I then spent the weekend whinging that I wasn’t even proper ill. That I’d BEEN proper ill and this wasn’t it and was just bloating and a bit of pain and it was all just too frustrating and boring (for most of my bending over backwards to win NHS patient of the year I can be a right old whinge-bag to anyone who’s not a doctor or nurse sometimes). Luckily, Analie advised me from Googling what pancreatitis was, so I just carried on feeling sorry for myself, drank my water like a good girl, weed into the buckets they gave me, and accepted everything that came my way. Until Sunday when the pain and bloating had significantly reduced and I (somehow) managed to get myself discharged on a Sunday evening. Unheard of, and very gratefully accepted.

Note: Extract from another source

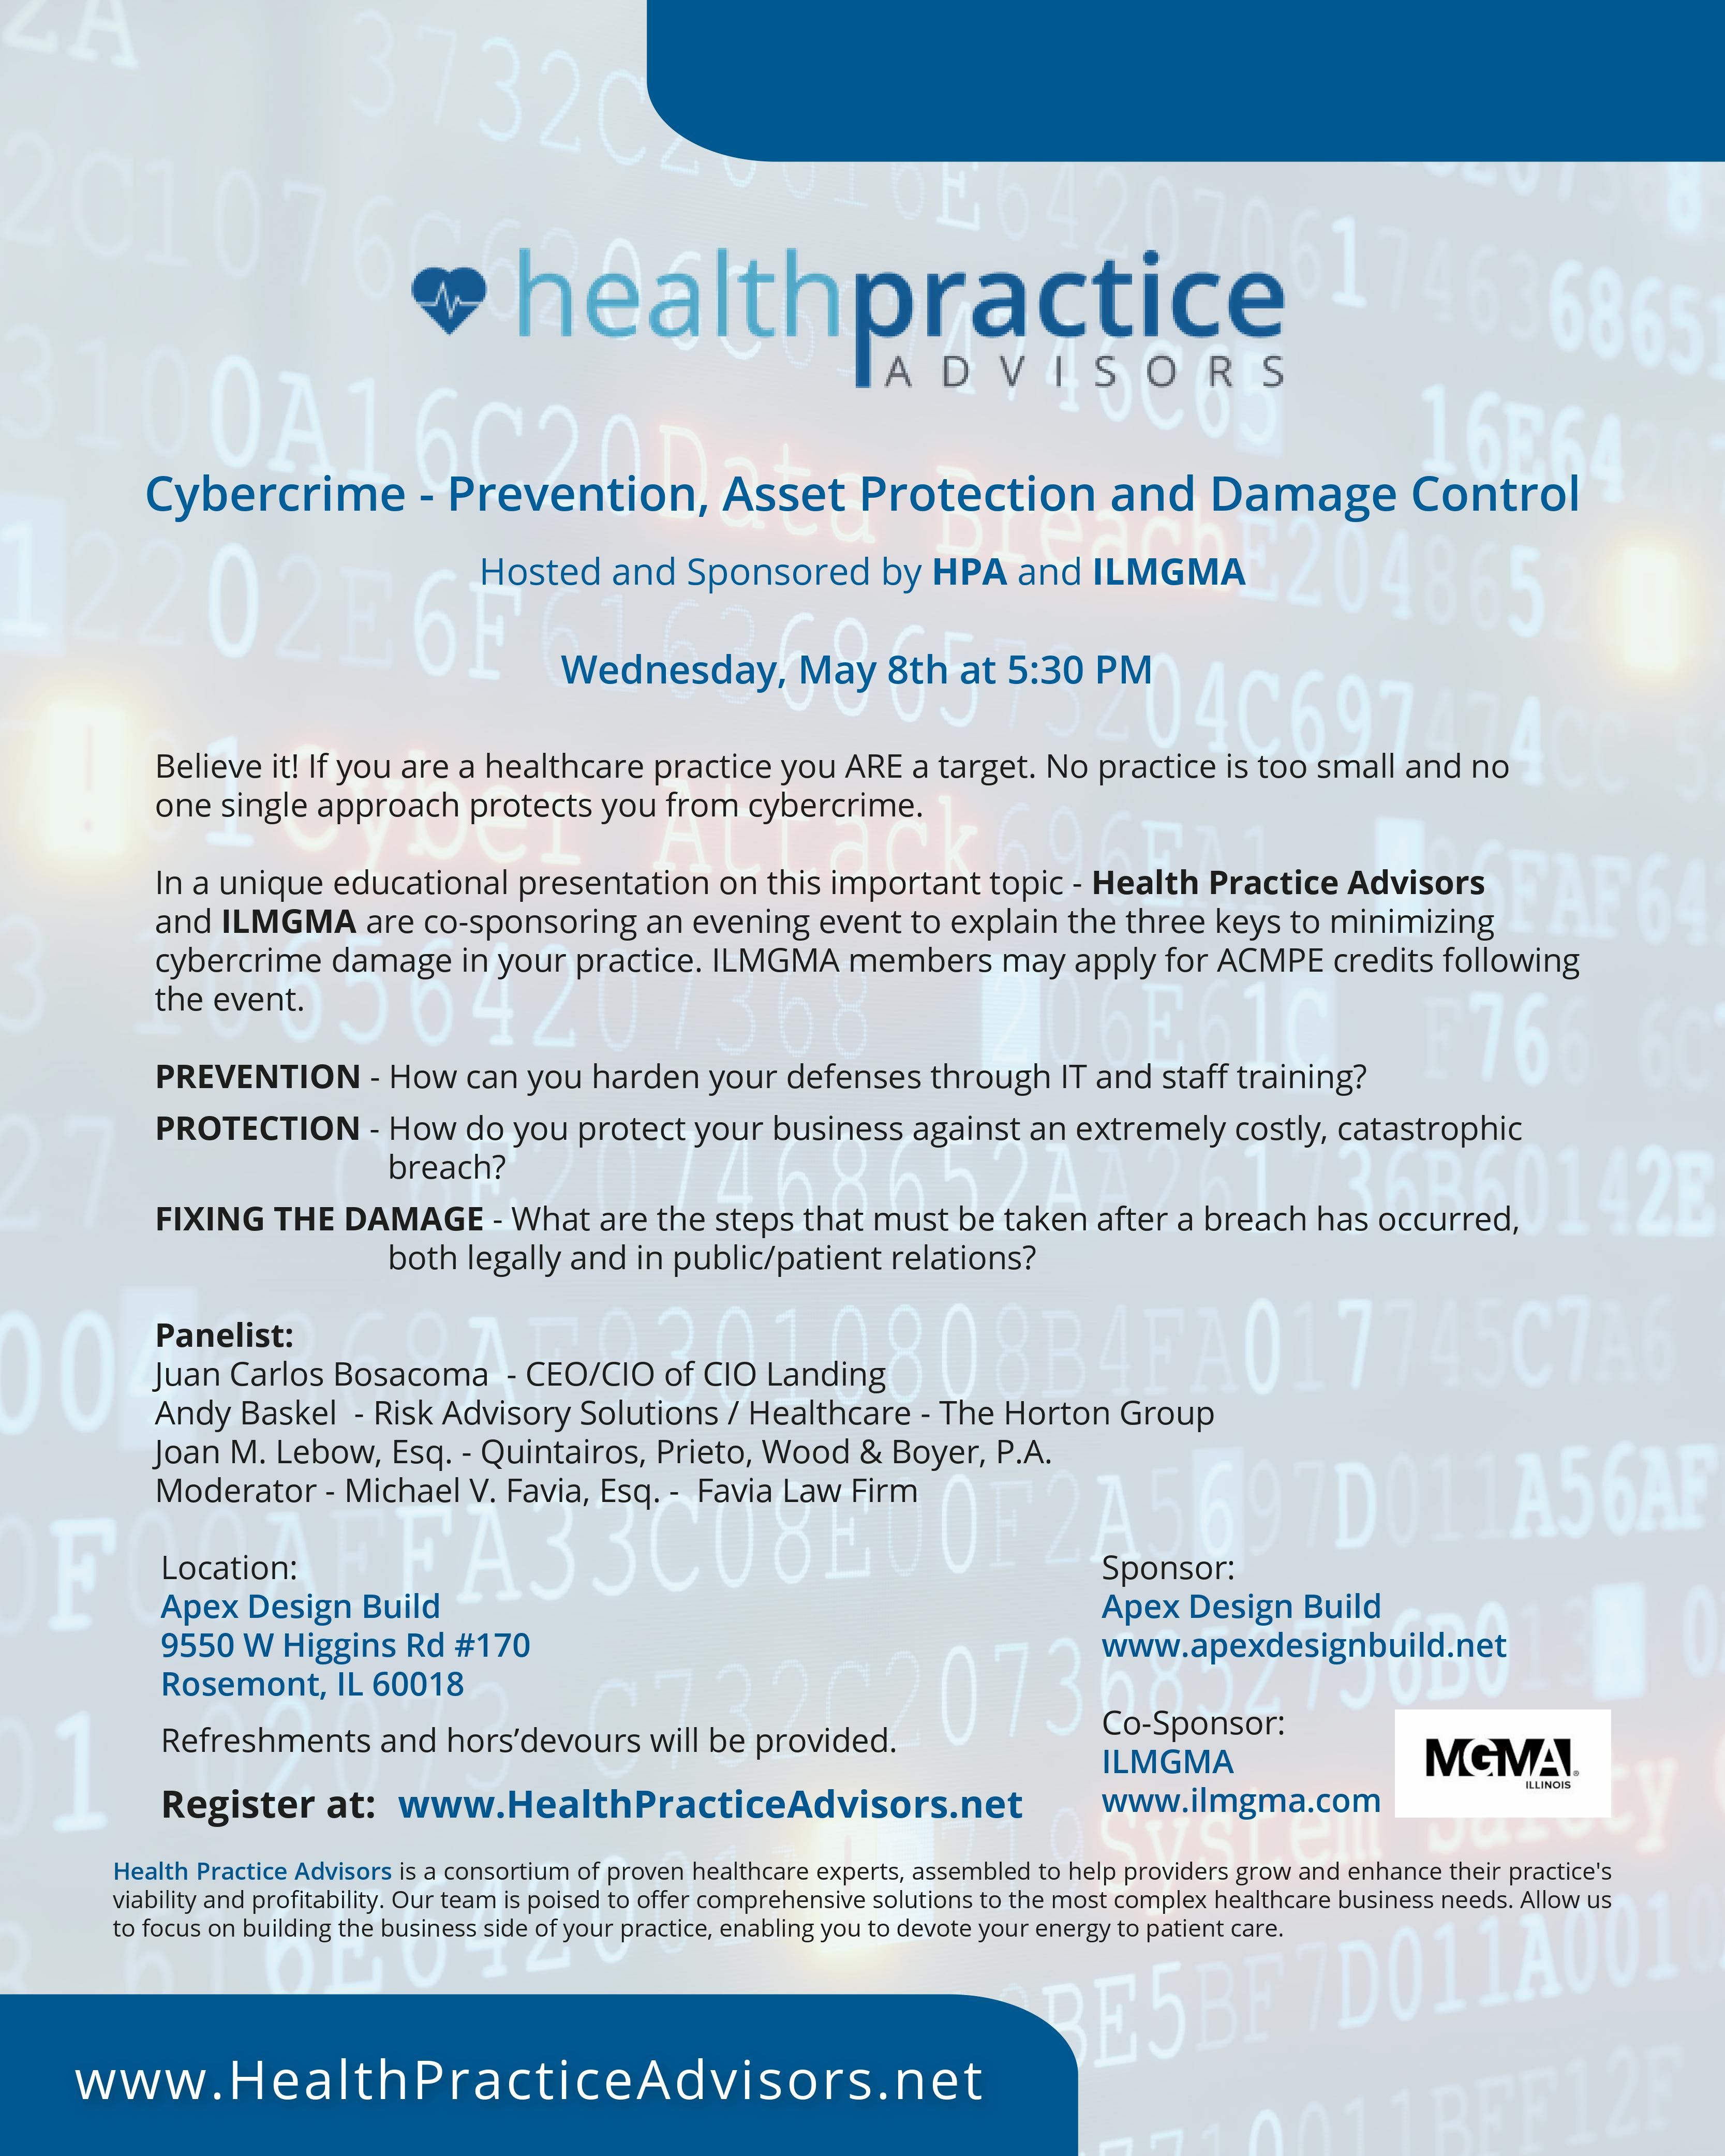 Health Practice Advisors Cybercrime event
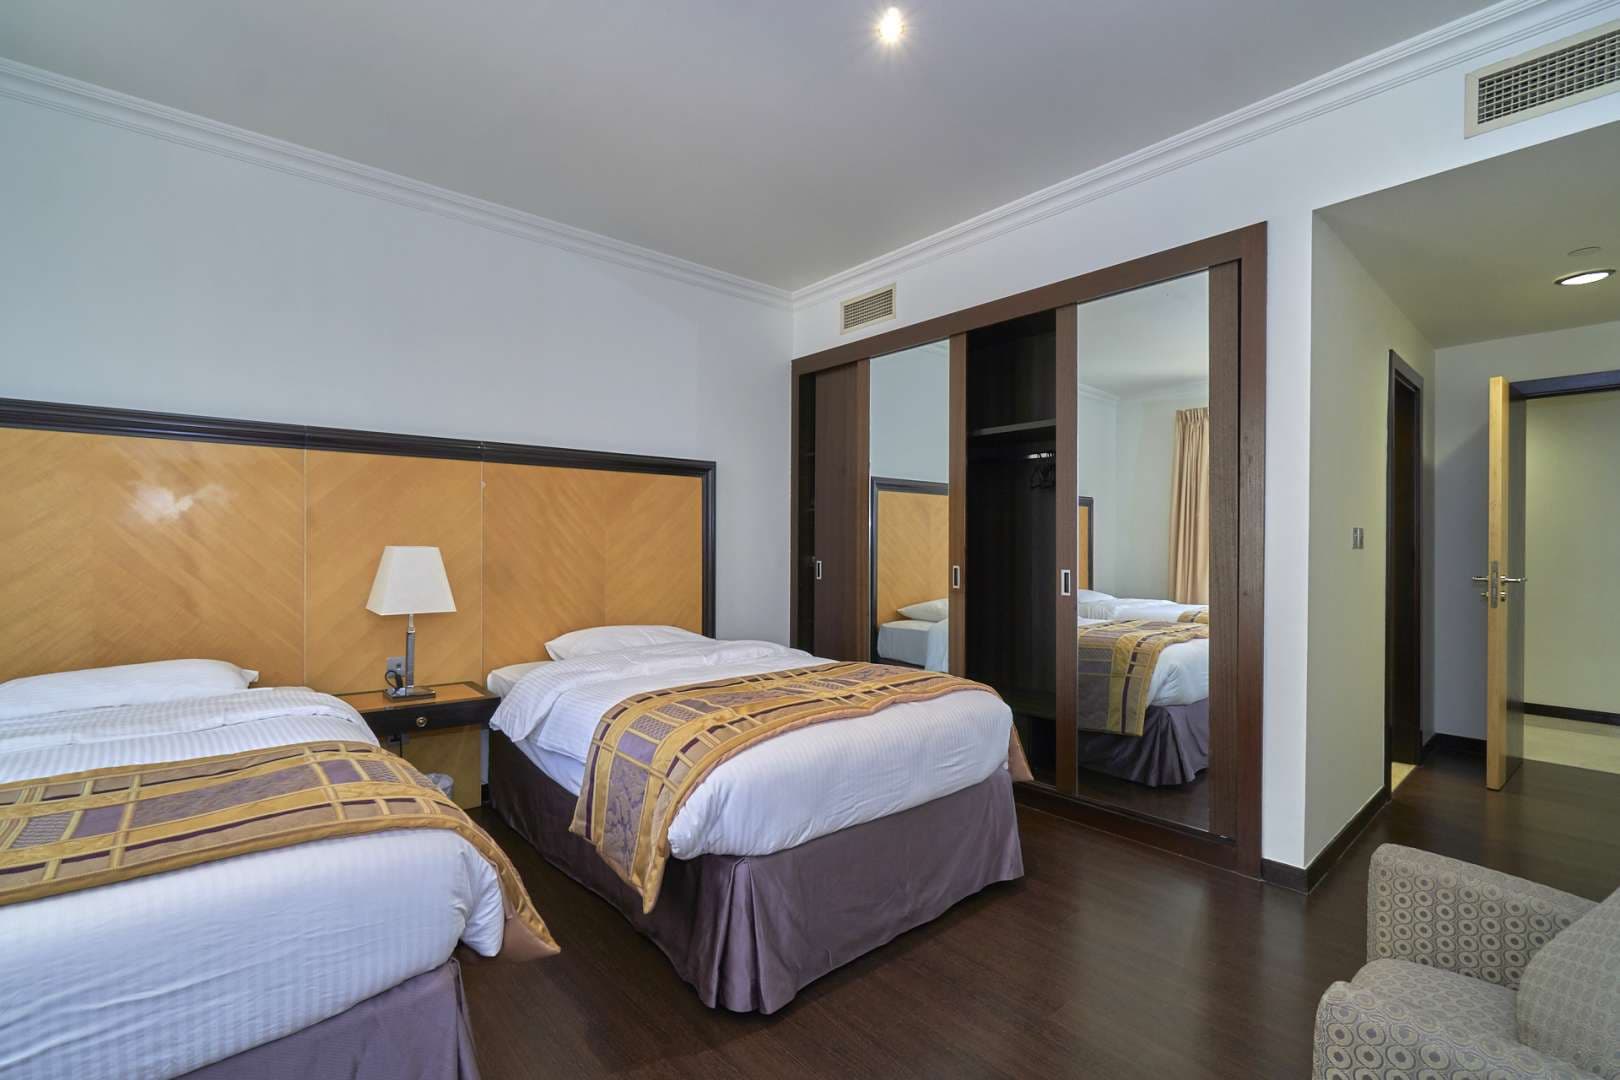 3 Bedroom Apartment For Rent Murjan Lp08238 263d484e0ef78e00.jpg

I saw Dr Spurrell on Monday, after going in for them to check all my blood levels were continuing to return to normal. Seemingly the pancreatitis has been triggered by the steroids I needed to be on for my head, so I’m weaning myself off them as fast as medically recommended and possible. SHE thought I was big enough and ugly enough to know what pancreatitis was, so she told me (after telling me that often it’s something that big boozers get and I haven’t even had a SNIFF of wine since Rome, and even that was on a very pared back level). Apparently it’s when your pancreas gets inflamed and starts leaking digestive juices. Which, because they have nothing better to do, start digesting you. Like, your innards.

So yeah, proper ill. Just for a day though.

But anyway, I’m out now and better and looking forward to clambering back to feeling normal and being normal and getting right back on the board.